A nice quiet evening with the family was interrupted with a critical alert coming through my phone.
Once again server patching had knocked off our Qlik Replicate node.
Logging in I could see that Enterprise manager could not reach one of our nodes with the following error message in the log:
2022-12-15 19:15:40 [ServerDto ] [ERROR] Test connection failed for server:MY_QR_CLUSTER. Message:'Unable to connect to the remote serverA connection attempt failed because the connected party did not properly respond after a period of time, or established connection failed because connected host has failed to respond xxx.xxx.xxx.xxx:443'.
I have seen this problem before and it is usually resolved by:
- Failing over the QR windows cluster
- Restarting the new passive node
Our IT team is aware of the problem and have been researching into a cause and a fix. Their prevailing theory was that when the cluster gets failed over in server patching – there are some residual connections to the previous active node.
But tonight after multiple failovers and stopping and starting the QR roles – still Enterprise manager couldn’t connect to that QR node.
I did the following checks:
- The log repsrv.log log file had no error messages and the service Web UI service was active
- From the Enterprise manager; I could ping the QR cluster address and the active node successfully
- From a Chrome session on the Enterprise manager server; I could not get to the QR Web console
- From a Chrome session on the QR server; I could get to the QR Web console
A senior IT member joined the troubleshooting call and suggested that we reboot the Enterprise manager server.
So we did and then we couldn’t access Enterprise manager console.
At this point I wanted to quit IT and become a nomad in Mongolia.
Then the senior IT member worked it out.
The Windows server was randomly turning on the Windows Firewall
This was blocking our inbound connections; making the console inaccessible from other locations – except when you were logged onto the server.

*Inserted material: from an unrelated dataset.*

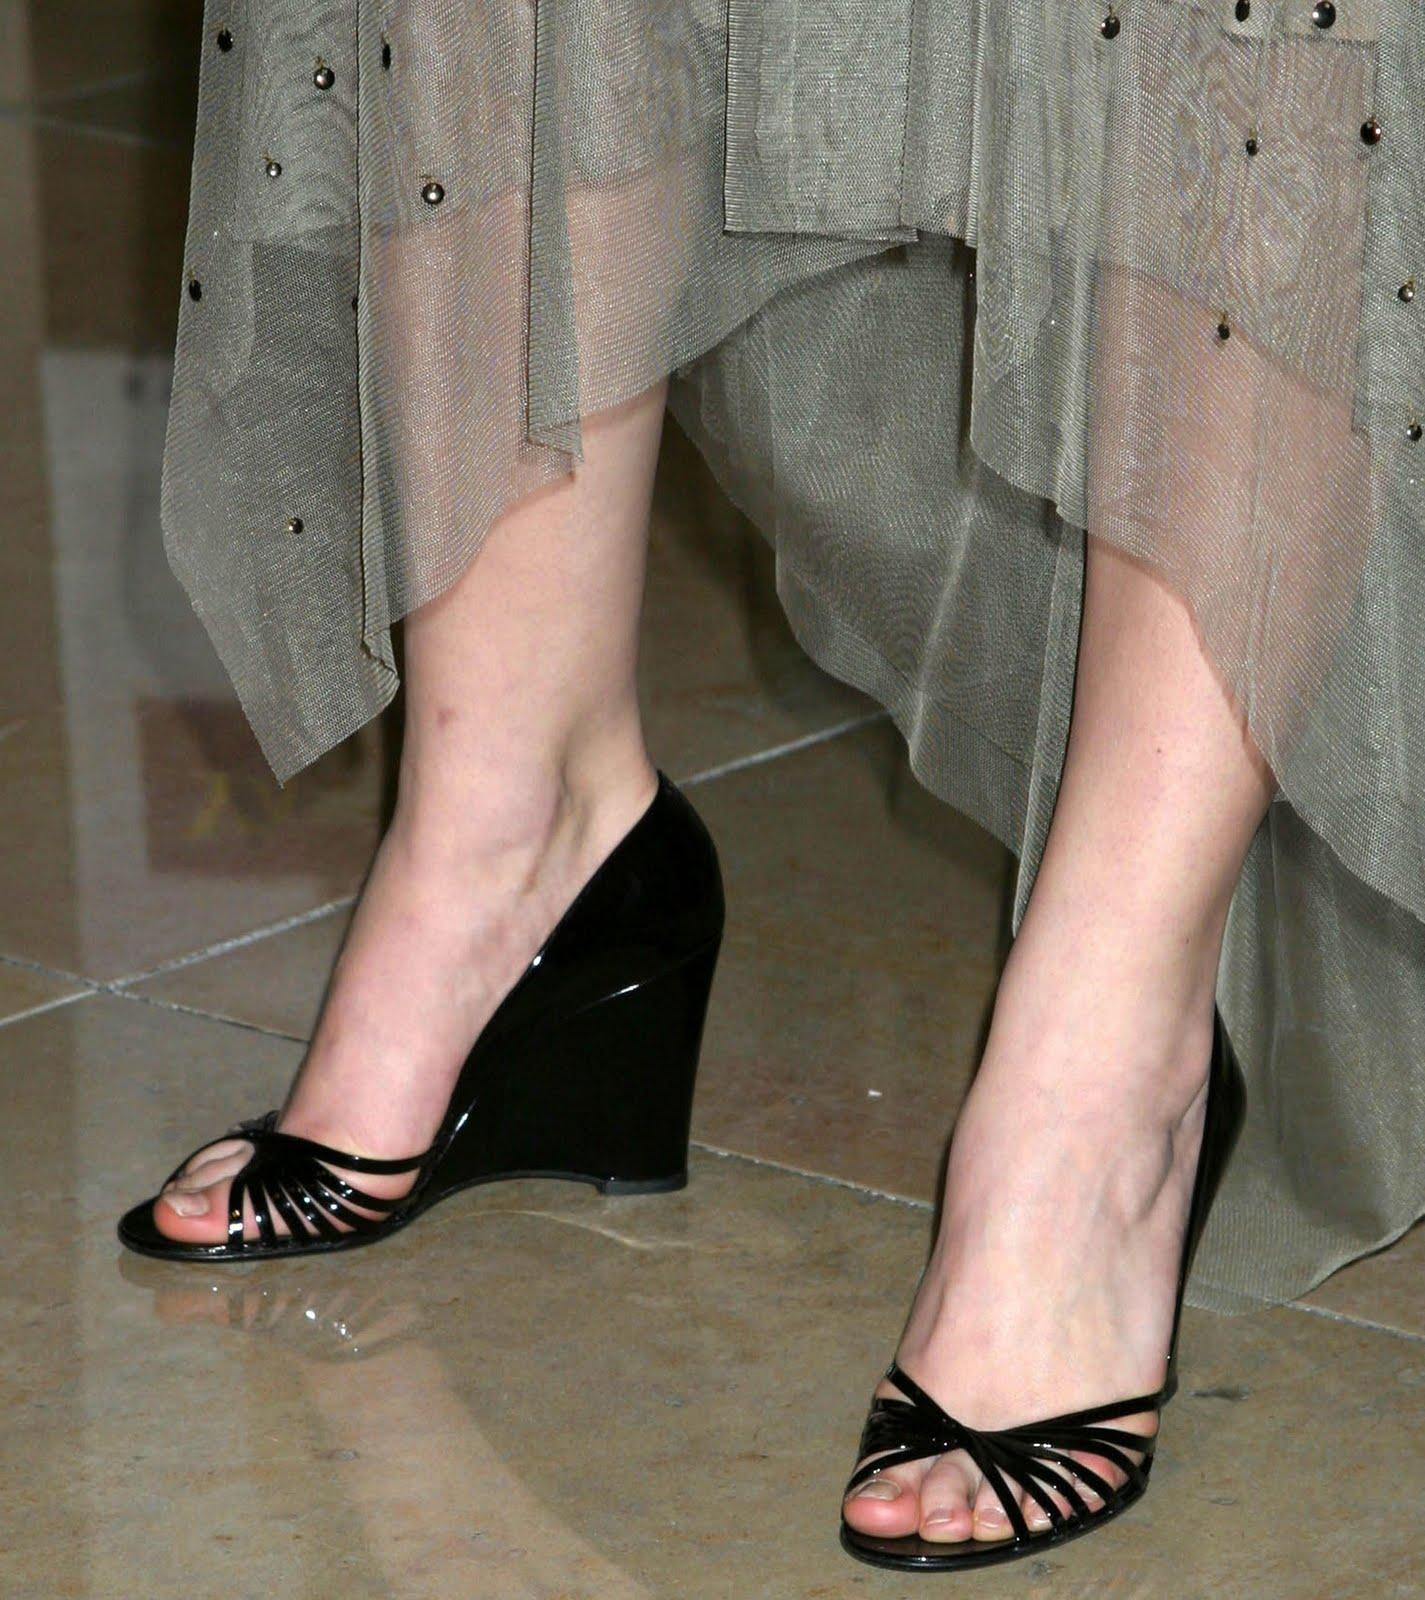 http://2.bp.blogspot.com/_UaLWp72nij4/S-m97Ssh8fI/AAAAAAAAKoQ/qioYjo5ZEls/s1600/keira-knightley-feet-2.jpg

This also explains why when this problem previously arise; restarting the server will eventually work because the server group policy will eventually get applied and turn off the Windows firewall.
Lessons learnt
If you come above this problem in your environment try accessing the QR console from multiple locations:
- From the Enterprise Manager server
- From within the QR server with a local address like: https://localhost/attunityreplicate/login/
Good luck